MOJISYU_C = MsgBox("記号を使いますか?",vbYesNo)
If MOJISYU_C = vbYes Then
    '記号
    PASS_WRD = PASS_WRD + "! # $ % & ? - _ ~ @"
End If

'指定された条件で配列を作成
PASS_STR = Split(PASS_WRD)
MAX = Ubound(pass_str)

'指定された桁数のパスワードを生成
For i=0 To KETA - 1
    Randomize
    X = abs(Int((0 - MAX) * Rnd))
    PASS = PASS + PASS_STR(X)
Next
InputBox "パスワードが完成しました","生成完了!",PASS

 このプログラムは最初に「何桁のパスワードを作るか」を聞いてきます。初期値は8桁にしてあります。初期段階では8桁のパスワードを生成する“種”として大文字のアルファベットのみ用意してます。

 桁数を指定すると「アルファベット小文字を使いますか」と聞かれ,その後「数字は?」「記号は?」と3回の問い合わせが出てきます。「はい」と答えればその文字種を含んでパスワードを生成します。「いいえ」と答えた文字種は使用されません。

 文字種を追加したり削除したい場合には「文字[半角スペース]」という書式さえ守っていただければ大丈夫です。この半角スペースは非常に重要で,リスト1の(1)のところの
PASS_STR = Split(PASS_WRD)
の部分に大きくかかわってきます。Splitというのは引数として与えられた文字列を指定された文字種で分割して配列に取り込むという関数です。サンプルのように区切りとなる文字種を指定しない場合,半角スペースごとに分割されて配列に取り込まれます。だからもしAB CDE Fのような書き方をしてしまうと,ABという2文字,CDEという3文字が一つの要素になってしまうため,最初に指定した桁に合わないパスワードができてしまいます。1文字ずつスペースを入れるという約束は守ってください。

 さて,すべてのオプションを指定すると,プログラムは乱数を発生させて,選択要素になっている文字列の中から適当なものを指定された桁数分だけ抽出,合成します。最後に生成されたパスワードが表示されますが,ここはMsgBoxではなくてInputBoxを使っています。コピー&ペーストしたり,出てきたものに細工(気に入らないこともあるでしょう)しやすいですからね。

 このプログラムはオプションで数字が入るように選択したからといって,必ずしも数字が入ってくるわけではありません。「数字が入る可能性がある」です。ランダムに抽出される文字の候補の中に数字が入るけれども,それを含むパスワードの生成を約束するわけではないんですね。ある賞にノミネートはされて会場にはいるけれども,ノミネート=入賞確約ではないというわけです。

ちょっとした配慮が間違いを減らす
チューニングのポイント

 パスワードの種となる文字列には,大文字アルファベットからは「O(オー)と「I(アイ)」が抜いてあります。小文字からは「o(オー)」と「l(エル)」,数字では「0(ゼロ)」と「1(いち)」を抜いています。これらの文字は見分けにくく,正しく打ち込んでいるつもりなのに違っていたということが多々ある文字たちです。
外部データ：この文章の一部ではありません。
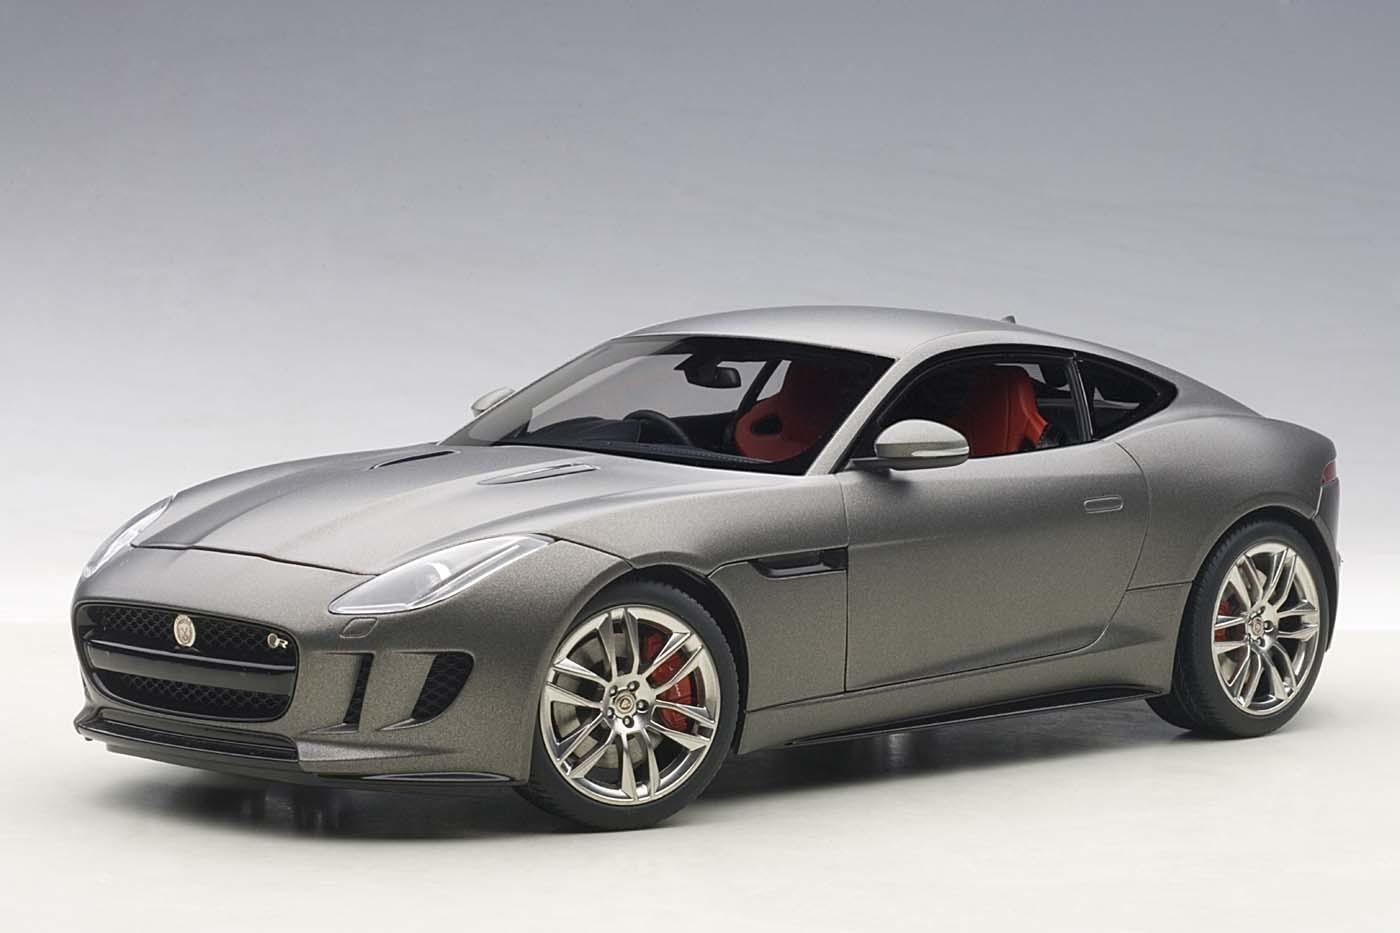 F Type Coupe >> Highly detailed AUTOart diecast model car Jaguar F-Type 2015 R Coupe Matt Grey Die-Cast AUTOart ...

 数字や記号はアルファベット(26文字)に対して数が少ない(数字は10文字)ため,生成後のパスワードでアルファベットよりもどうしても出現頻度が落ちます。これを改善するならば数字は0から9を2回繰り返してデータにしておく(そうすると20個の候補になります),記号は3~4回繰り返してデータにしておくといった細工をしておけばいいでしょう。これで選択された文字種にはほぼ均等に選択される機会が生まれます。

 また記号類についてはサイトなどでは「使用できる記号は−(ハイフン)と_(アンダースコア)だけです」といった制約があるところもあります。その場合は記号類として書かれている文字列の部分を修正してやってください。

 このサンプルはちょっと手を入れていただけばVBAでも使えます。ExcelやAccessで数千人の顧客情報のパスワード欄に,だぁ~とパスワードを埋めていくということもできます。

 拡張についてはいくつか案がありますね。例えば何千件作っても同一パスワードが絶対に存在しないチェックなどがあります。絶対同一がありえないというプログラムにしたい場合は,いったん生成したパスワードをファイルに書き出しておいて,生成ごとに1行ずつ比較し,合致がなければファイル末尾に追加といった流れになると思います。IDが違い,パスワードがここまで無作為なものならば,実際には同一パスワードが1/数千の確率で出てきても危険ということは少ないと思いますけどね。